The prompt id main1, has a corresponding field in the SRO class called m_main1Prompt. A derived class, or a SR app, can modify the field using get/set methods.

This works fairly well with the PText feature {%fieldName%} for extracting values from a field.

The one thing missing so far is the ability to define conditional prompts, such as a play-once prompt. You can do it in code of course, but that's not very flexible

if (executionCount() == 1) {
m_main1Prompt = "Let's get started. " + m_main1Prompt;

To remedy this, SROs support multiple sub-prompts to be defined for a single prompt, such as the MAIN prompt.
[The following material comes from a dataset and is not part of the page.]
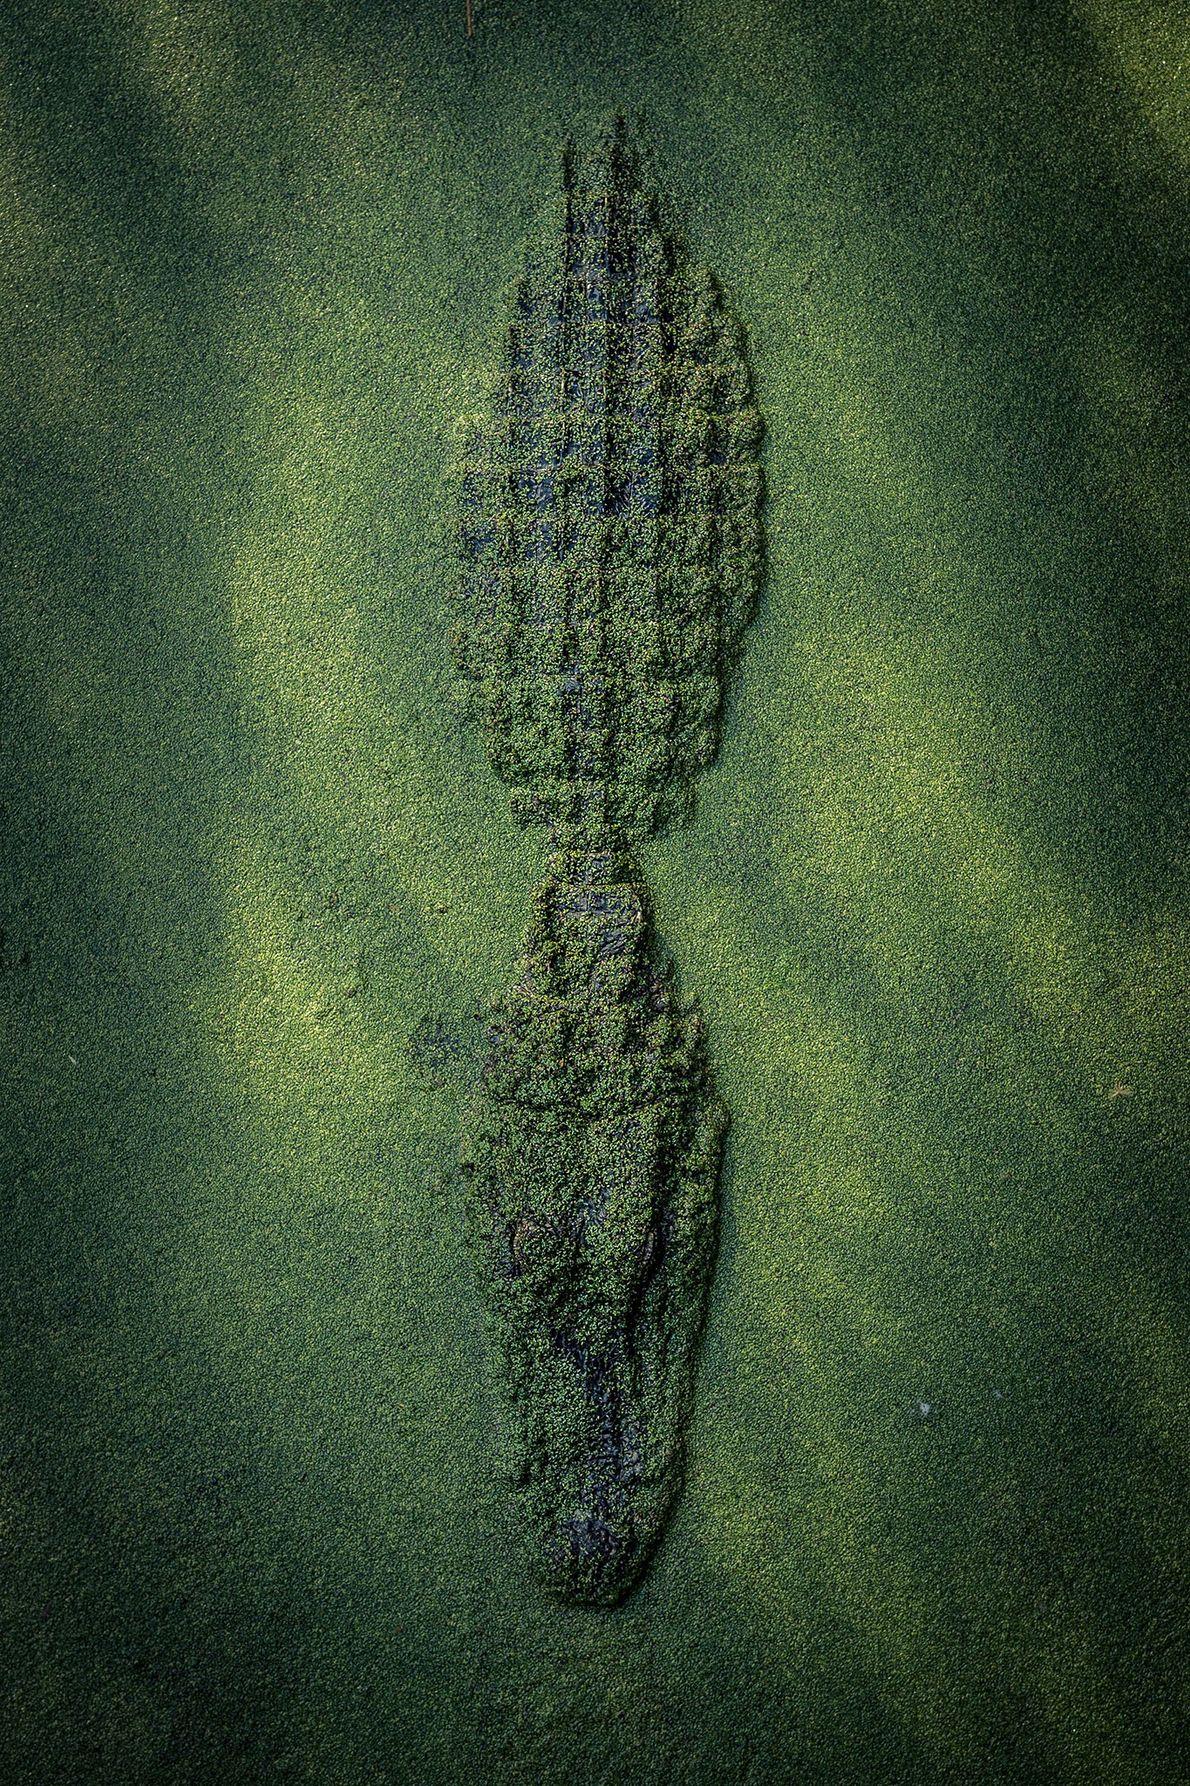 Aligátor alligator

<prompt name="main1welc" group="MAIN" cond="once_ever">Let's get started.</prompt>
<prompt name="main1" group="MAIN" def="no">What {%subject%} would you like?</prompt>

Each prompt tag results in a field being created. Multiple prompts in the same group are rendered as a single VoiceXML prompt, in the order they occur in the XML file. The neat thing is that conditions can now be applied to individual sub-prompts. The cond attribute defines a condition. Here, "once_ever" means a play-once-ever condition. The first time the SRO is executed, the prompt will be: "Let's get started. What flight would you like?". On subsequent executions, the prompt is "What flight would you like?".

Implementation note: Sub-prompts are implemented using the m_subIndex field of Prompt. When prompts are rendered (in a PromptSet), all the rendered items are gathered together in the first sub-prompt. But since each sub-prompt is an independent Prompt object, its rendering can be enabled or disabled by its condition.